For large parts of a setup, the same applies as for the underlay: Automation, orchestration, and CI/CD are the keys to success. In the end, only the genuinely persistent data of a virtual environment should be backed up (e.g., customer data from a database).

All virtual instances of the setup, infrastructure, and software required in the environment must be reproducible at all times. If you take this advice to heart, you will usually have very small backup volumes, without spoiling your fun in the cloud.

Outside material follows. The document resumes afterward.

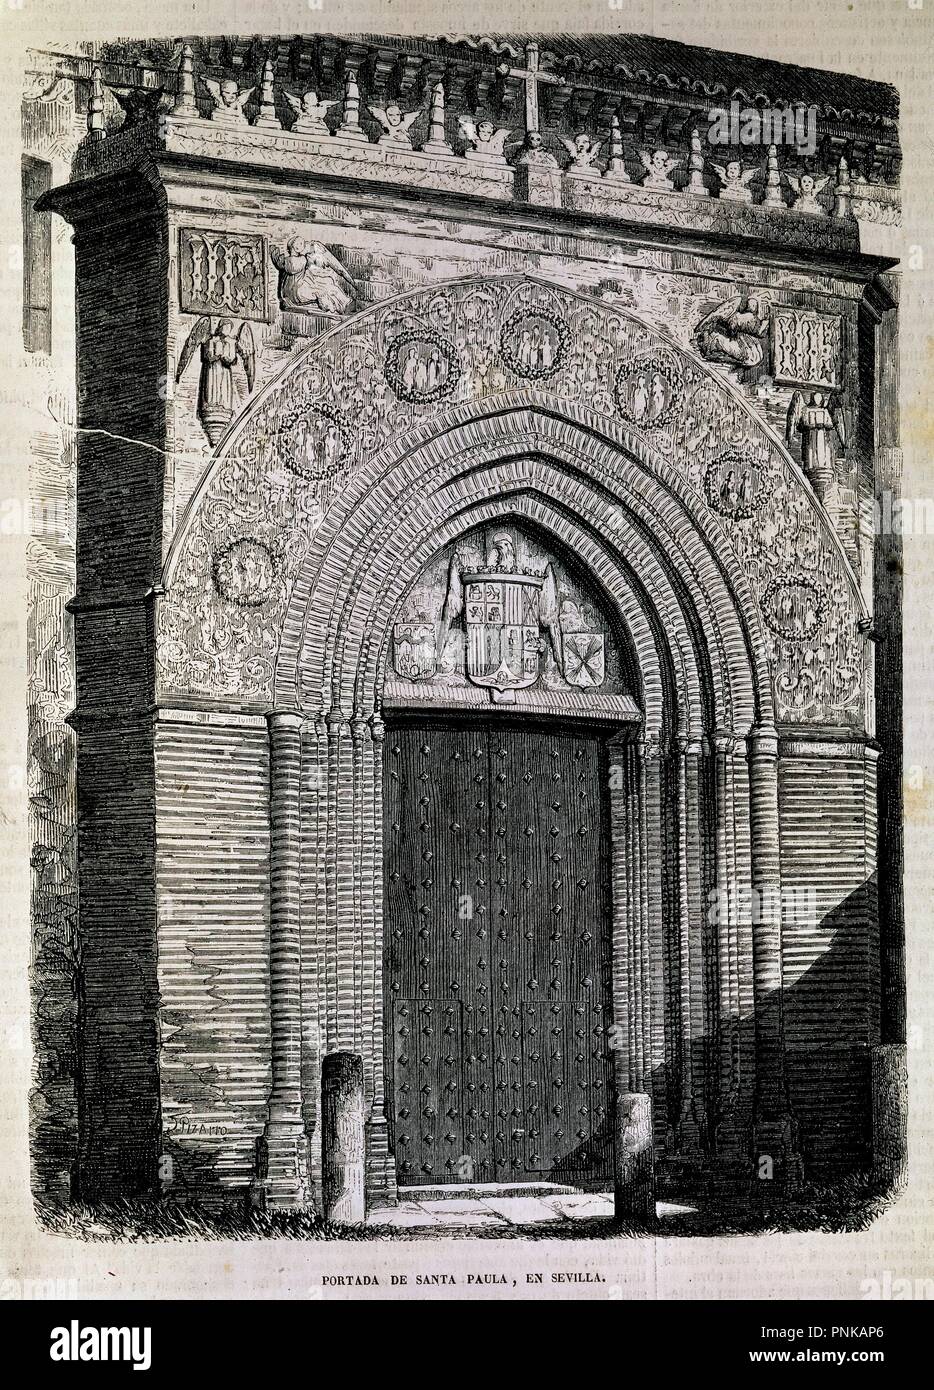 XILOGRAFIA - PORTADA DEL CONVENTO DE SANTA PAULA EN SEVILLA - 12/8/1860. Auteur : PIZARRO, CECILIO. Emplacement : MUSEO ROMANTICO-gravure. MADRID. L'ESPAGNE. Banque D'Images

Clearly, backup habits from the school of "back up everything" have no place in the cloud. Because backups of whole VMs or complete containers eat up a large amount of disk space for repeatedly backing up the same data and because backups of this kind cannot be restored faster than backups made and restored with cloud tools, it is simply pointless to back up everything.

If you consistently use cloud tools, however, you will also make life easier for yourself in other situations. Database updates are far easier if the database and data records are separated from each other, making it easy to create a new DB instance with updated software, into which you then only insert the existing dataset – all done.